Every dictionary I've checked says "heed-onism", including ones on the internet. I guess this is 1 point for the Americans 

Now we're only 326 points behind the Brits


----------



## ewie

Loob said:


> ewie, that you'll probably have to check who voted for which option if you're going to draw any conclusions from the poll


I shall be doing a full statistical analysis with graphs and pies and everything later, LooLoo.


----------



## timpeac

Loob said:


> Sokol's post 25 prompted me to have a scurry through my dictionaries too.
> 
> And it struck me that the older ones had only 'heed-onism', while the newer ones had both pronunciations.
> 
> Could it be that 'heed-onism' is an older pronunciation, retained by our US cousins, while we novelty-seeking Brits have all embraced the new kid on the block?
> 
> It wouldn't be the first time something like that had happened


 Could well be - I'm sure I've read that US English is more conservative than British English. In other words what the Americans say now is more similar to English before the boats set off across the atlantic than British English currently is (despite the "we invented it" attitude of many of my compatriots!)


----------



## Asr

Does anybody want to give a try to : www.howjsay.com  ?


----------



## xqby

Loob said:


> Could it be that 'heed-onism' is an older pronunciation, retained by our US cousins, while we novelty-seeking Brits have all embraced the new kid on the block?


 
It sure seems that way to me, after looking up how the root is pronounced.
The Greek word for pleasure is more or less "heedonee" apparently.
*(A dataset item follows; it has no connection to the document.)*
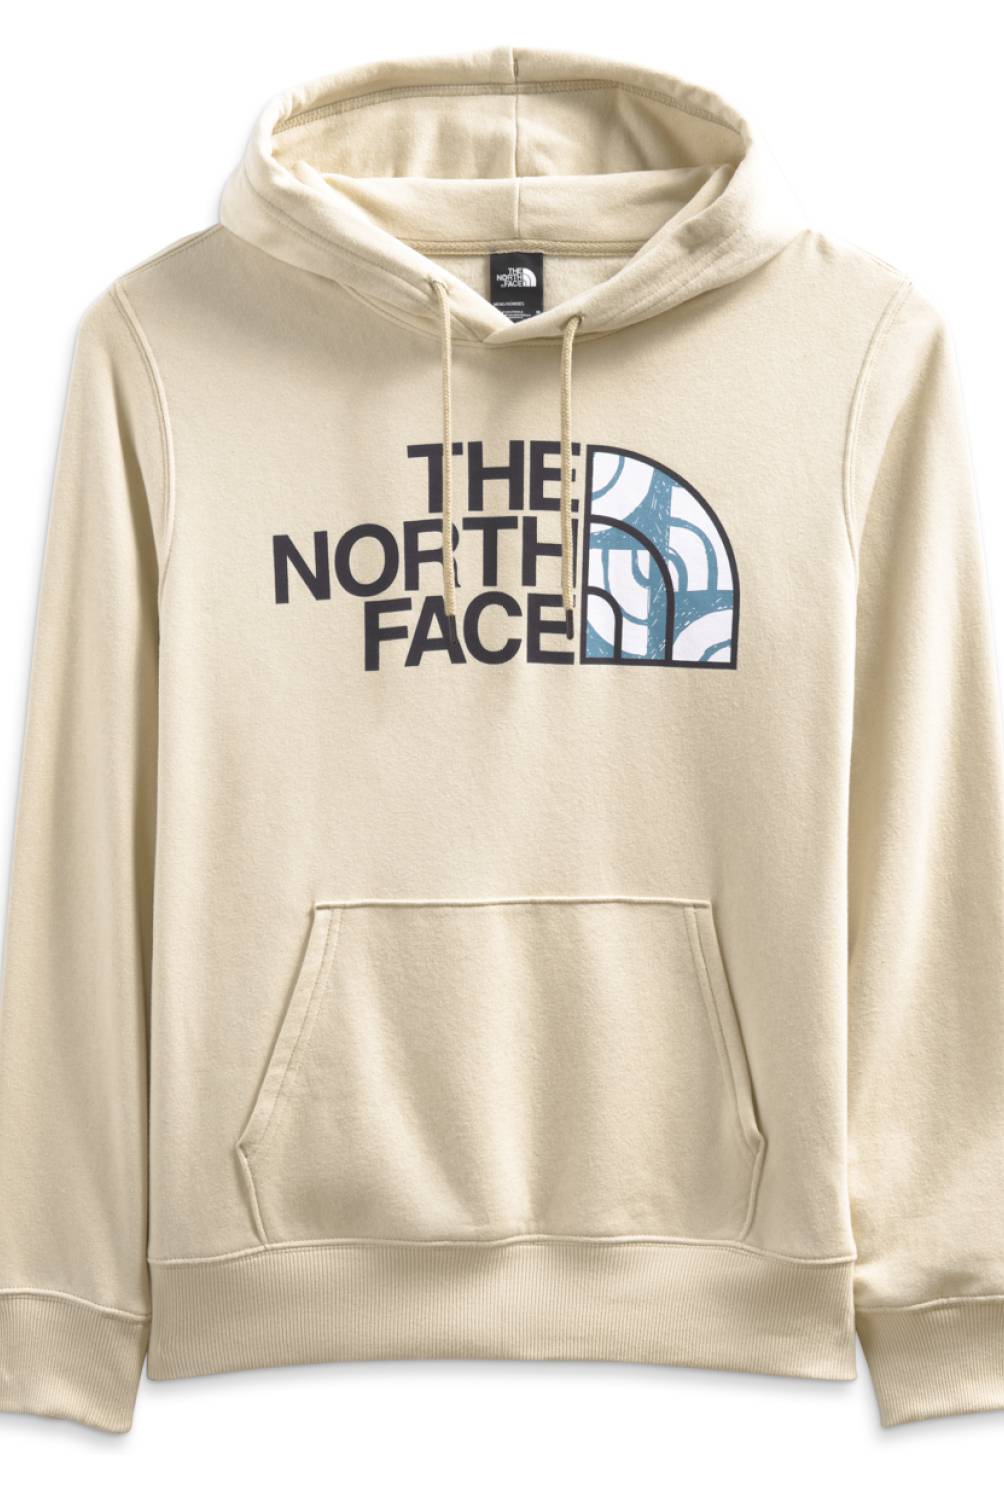 THE NORTH FACE - Polerón Casual Hombre The North Face

Would you wacky limeys pronounce a word with the same etymology like "anhedonia" as "an-head-oh-nee-uh"?


----------



## sokol

Asr said:


> Does anybody want to give a try to : www.howjsay.com  ?



How nice, this site clearly supports [ˈhɛdəˌnɪzəm]*). 

*) That is, _headonism _of course, what else.


----------



## sokol

xqby said:


> The Greek word for pleasure is more or less "heedonee" apparently.



It's actually 'heithon-' = 'pleasure' in modern Greek (with the vowel 'ei' pronounced as in 'either').*)
But in Classical Greek it was 'hethon-'. So BE would be more 'classical' if we follow this reasoning ...

*) Now I'm opening another of those boxes of Pandora ... what I meant here of course is the 'eether' variety of 'either', not the 'ayther' ('ither', whatever) version.


----------



## Monkey F B I

sokol said:


> It's actually 'heithon-' = 'pleasure' in modern Greek (with the vowel 'ei' pronounced as in 'either').*)
> But in Classical Greek it was 'hethon-'. So BE would be more 'classical' if we follow this reasoning ...
> 
> *) Now I'm opening another of those boxes of Pandora ... what I meant here of course is the 'eether' variety of 'either', not the 'ayther' ('ither', whatever) version.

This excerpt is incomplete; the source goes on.